Astrothelium variabile

Scientific classification
- Kingdom: Fungi
- Division: Ascomycota
- Class: Dothideomycetes
- Order: Trypetheliales
- Family: Trypetheliaceae
- Genus: Astrothelium
- Species: A. variabile
- Binomial name: Astrothelium variabile Flakus & Aptroot (2016)

= Astrothelium variabile =

- Authority: Flakus & Aptroot (2016)

Species of lichen

Astrothelium variabile is a species of corticolous (bark-dwelling) lichen in the family Trypetheliaceae. Found in Bolivia, it was formally described as a new species in 2016 by the lichenologists Adam Flakus and André Aptroot. The type specimen was collected near the biological station in the Beni Biological Station Biosphere Reserve (Yacuma Province, Beni Department) at an altitude of 175 m; there, in a lowland Amazon forest, it was found growing on bark in Beni savanna.
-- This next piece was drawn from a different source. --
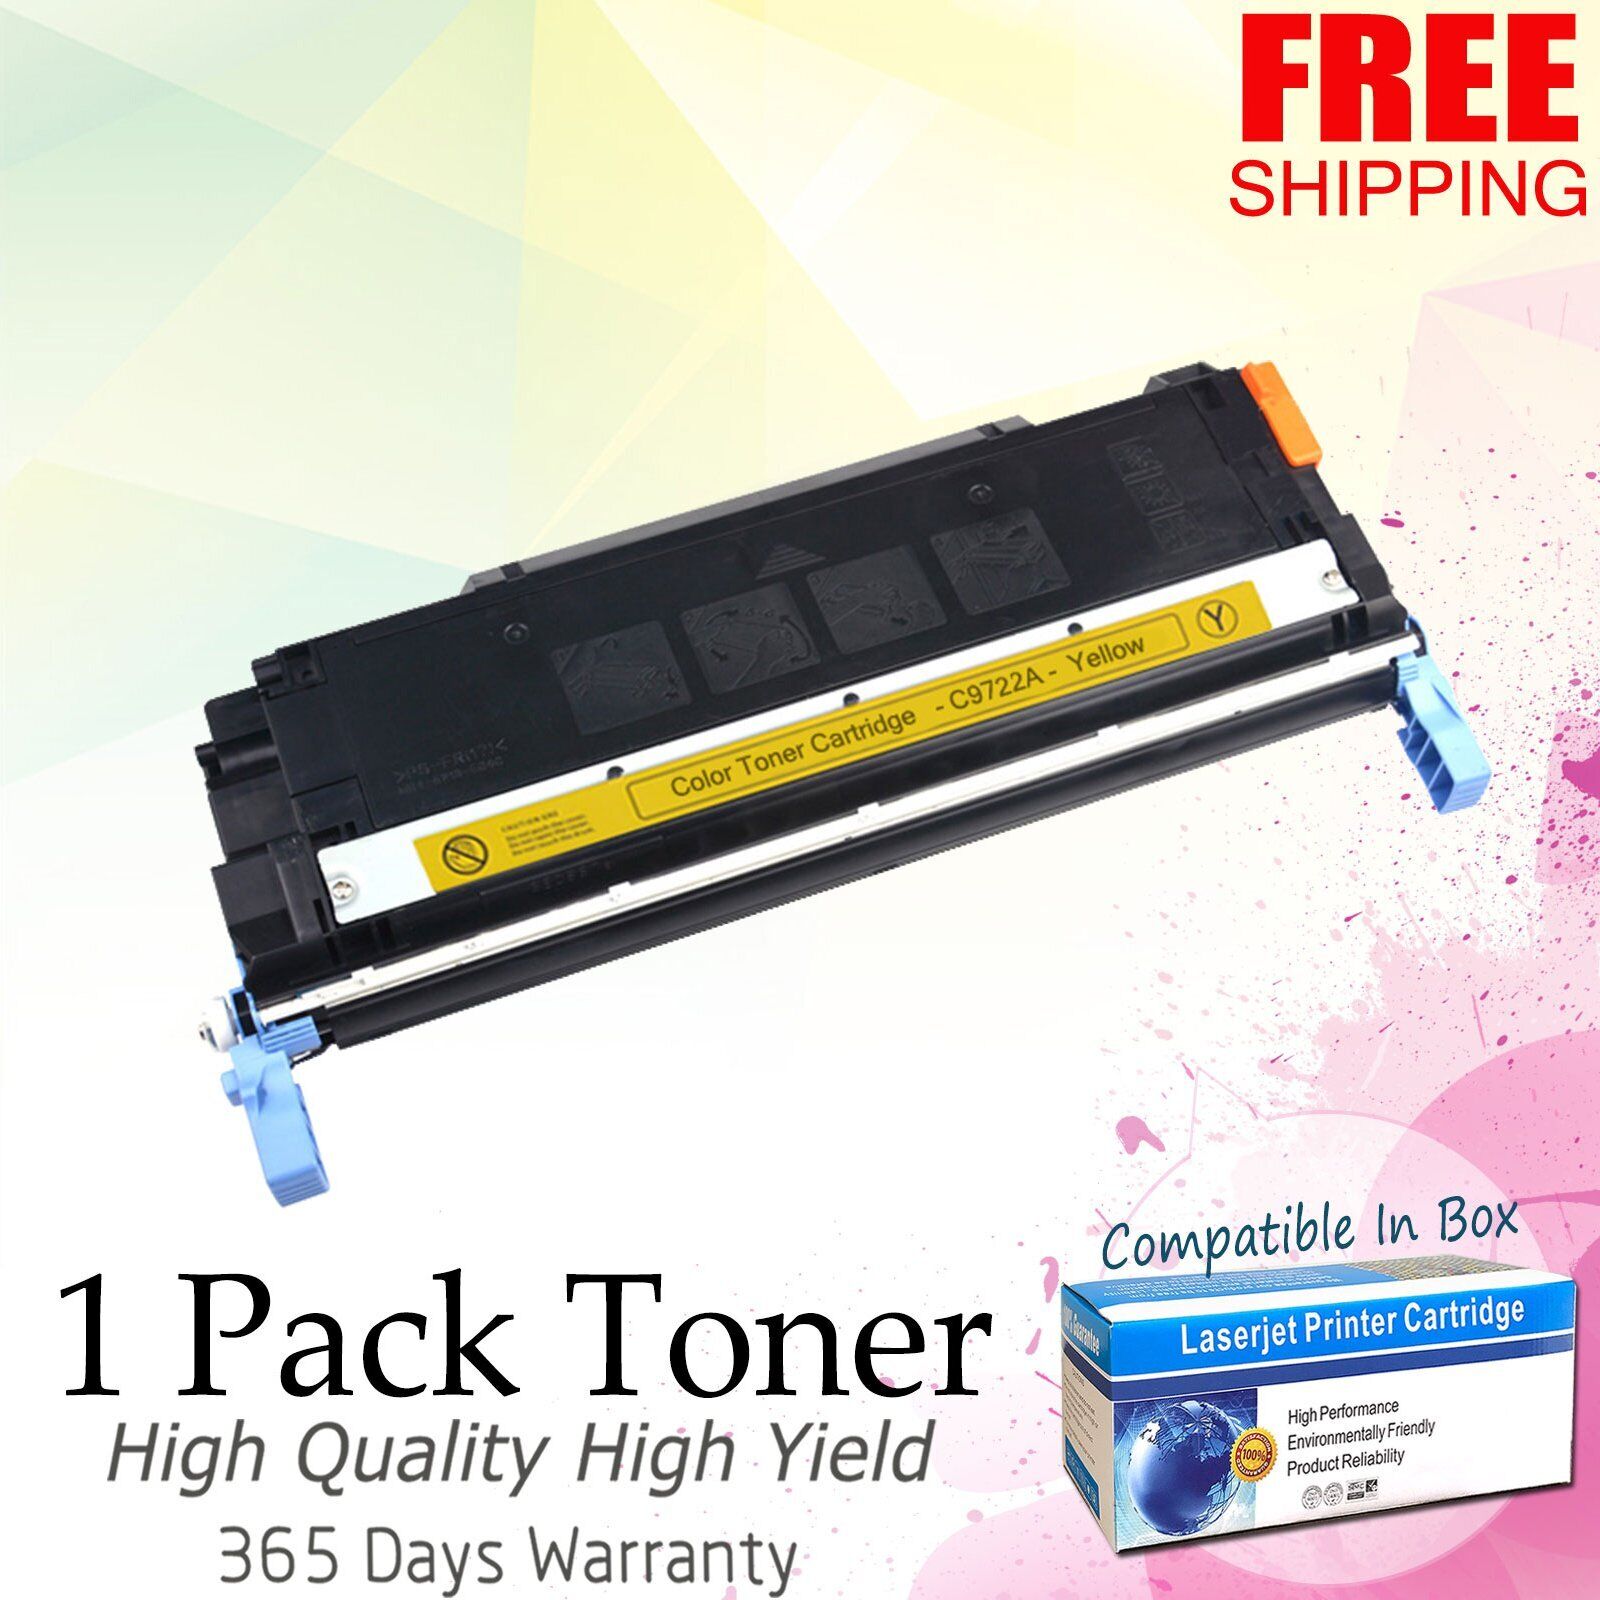 1PK C9722A Yellow Toner Cartridge For HP LaserJet 4600 4600DN 4600DTN 4610 4650
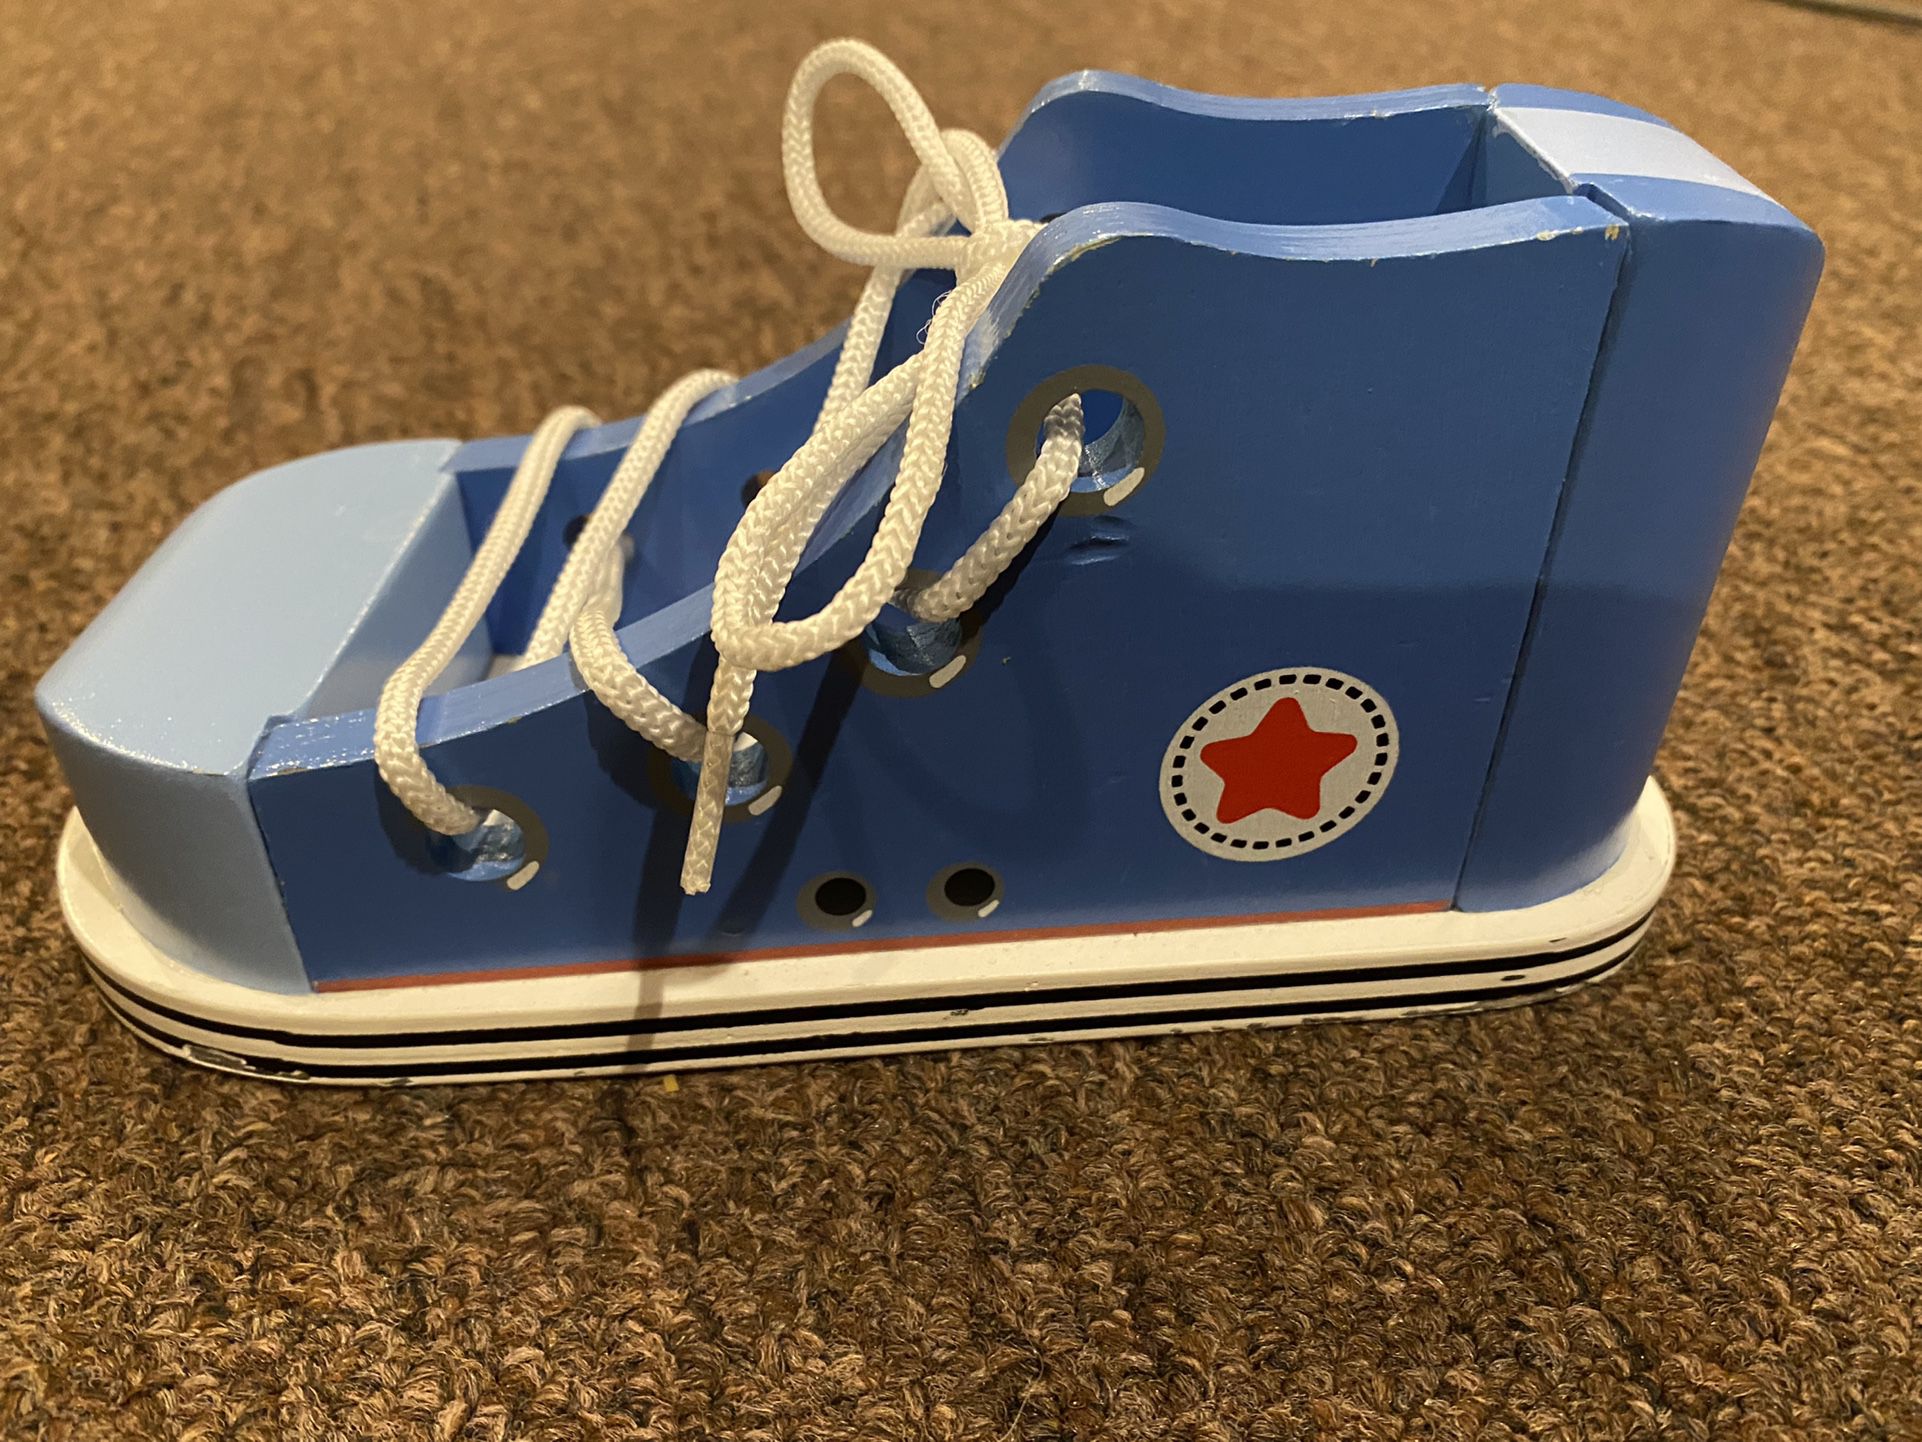 Cool Kicks Single Blue Lacing Sneaker Wooden Toy for Kids Learning Shoe Tying

It is only known to occur in this type of habitat in Bolivia. The species epithet variabile alludes to the variable amounts of lichexanthone in different regions of the thallus. This is a lichen product that causes parts of the lichen to fluoresce when lit with a long-wavelength UV light. Astrothelium ochroleucoides is somewhat similar in external appearance, but it has smaller ascospores than A. variabile.